SOME LATE NIGHT THOUGHTS ON HYPNOTISTS

Dear Reader,

I really don’t know a lot anything about hypnotism separate from the time when a hypnotist came to Miami for our back-to-school event my freshman year–and I wasn’t even in the audience for his show. I just heard that everyone was blown away because of the way he hypnotised these people.

But for some reason, my brain has decided to really speculate the effects of hypnosis and really think of it as this power that could be used for good. And sometimes when my brain is overflowing with thoughts, my go-to instinct is to open a word document or a note page (or twitter) to catch some of them.

These thoughts could not be condensed into 140 characters, however, so here we are.

I really just want to get these thoughts out and, like, talk to someone about this, you know? I guess this is where another person would come in, but it’s 3AM and no one has reached out to my tweet so I assume they are all asleep (Or not in the mood to amuse me).

Which brings us to the present, where I am communicating these ideas to you.

cat-cat-transparent-psychedelic-acid-lsd-dmt-trippy-cat_200sAlright, first of all, can I please just be hypnotised so that every time I hear the word “kazoo” or something I go and do all of my homework? And then like every night I can have my roommate or someone be like, “Sammy, kazoo,” and my face will go blank as I fall into this trance and sit down at my desk to complete my work. And then in an hour or two, she can be like, “Sammy, tapioca,” and I’ll come to and my assignments will be completed.

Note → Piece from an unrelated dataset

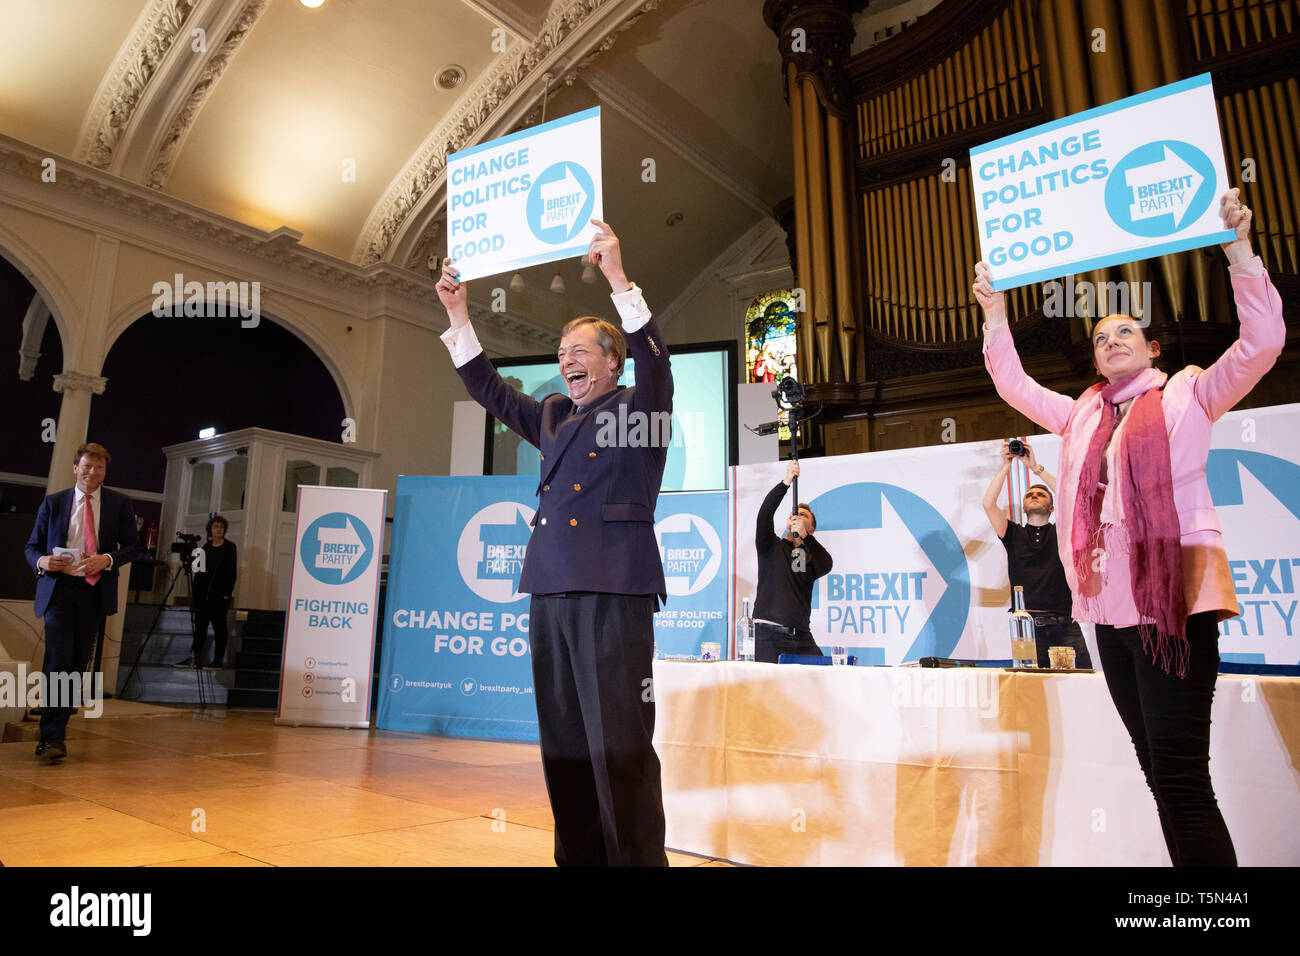 Brexit Party Rally held at Albert Hall Conference Centre, Nottingham. Nigel Farage joined by Annunziata Rees-Mogg, Richard Tice. Stock Photo

Of course, this can prove tricky if the person hypnotised can’t remember what happened while they were under, but all I’m saying is what’s the use in having a person start acting like a chicken every time a word is said when instead you could be like, “hey guess what, every time someone says peanut butter pudding, you’re gonna make your bed” or “you’re gonna clean your room” or “you’re gonna call your mother” (that last one would be hilarious).

But then this brings me to the questioning of how words are chosen–or do hypnotists even leave their participants with this quiet life change? Or do they reverse it before they get off the stage? Because if not, do these people have to disclaim that they did this thing once before freshman year and now they have this strange trigger word? Or would they even know??

Can you imagine if you were on a date with someone and they were like, “hey, I just want to be upfront with you. You can’t say *passes paper with a word written on it* (side question: can they say the word themselves?) around me because I will immediately jump up and start doing “Gangnam style” until you say rowboat.”

What if that were the norm? Hahahaha can you imagine??

And yeah, so how do they choose the words? Because, sure, I don’t think I’ve heard the word “kazoo” said aloud in quite a while, but the possibility is still out there, you know?

Anyway, I don’t know where I’m going with this. I just have a lot of unanswered questions but I don’t want to actually start Googling them because I have work I can be doing and I’m afraid I would spend far too much time doing research if I start going down that slippery slope.

I just really want to be hypnotised to run a few miles when someone says “trenchcoat lingerie” (I feel like that one’s safe) because running is one of those things that could benefit my body so much if my brain would just get out of the way–as are many things in life, I feel.

Man, did I just have a philosophical breakthrough?

Let this be a lesson to everyone that you should always encourage and amuse your “pass the blunt” thoughts.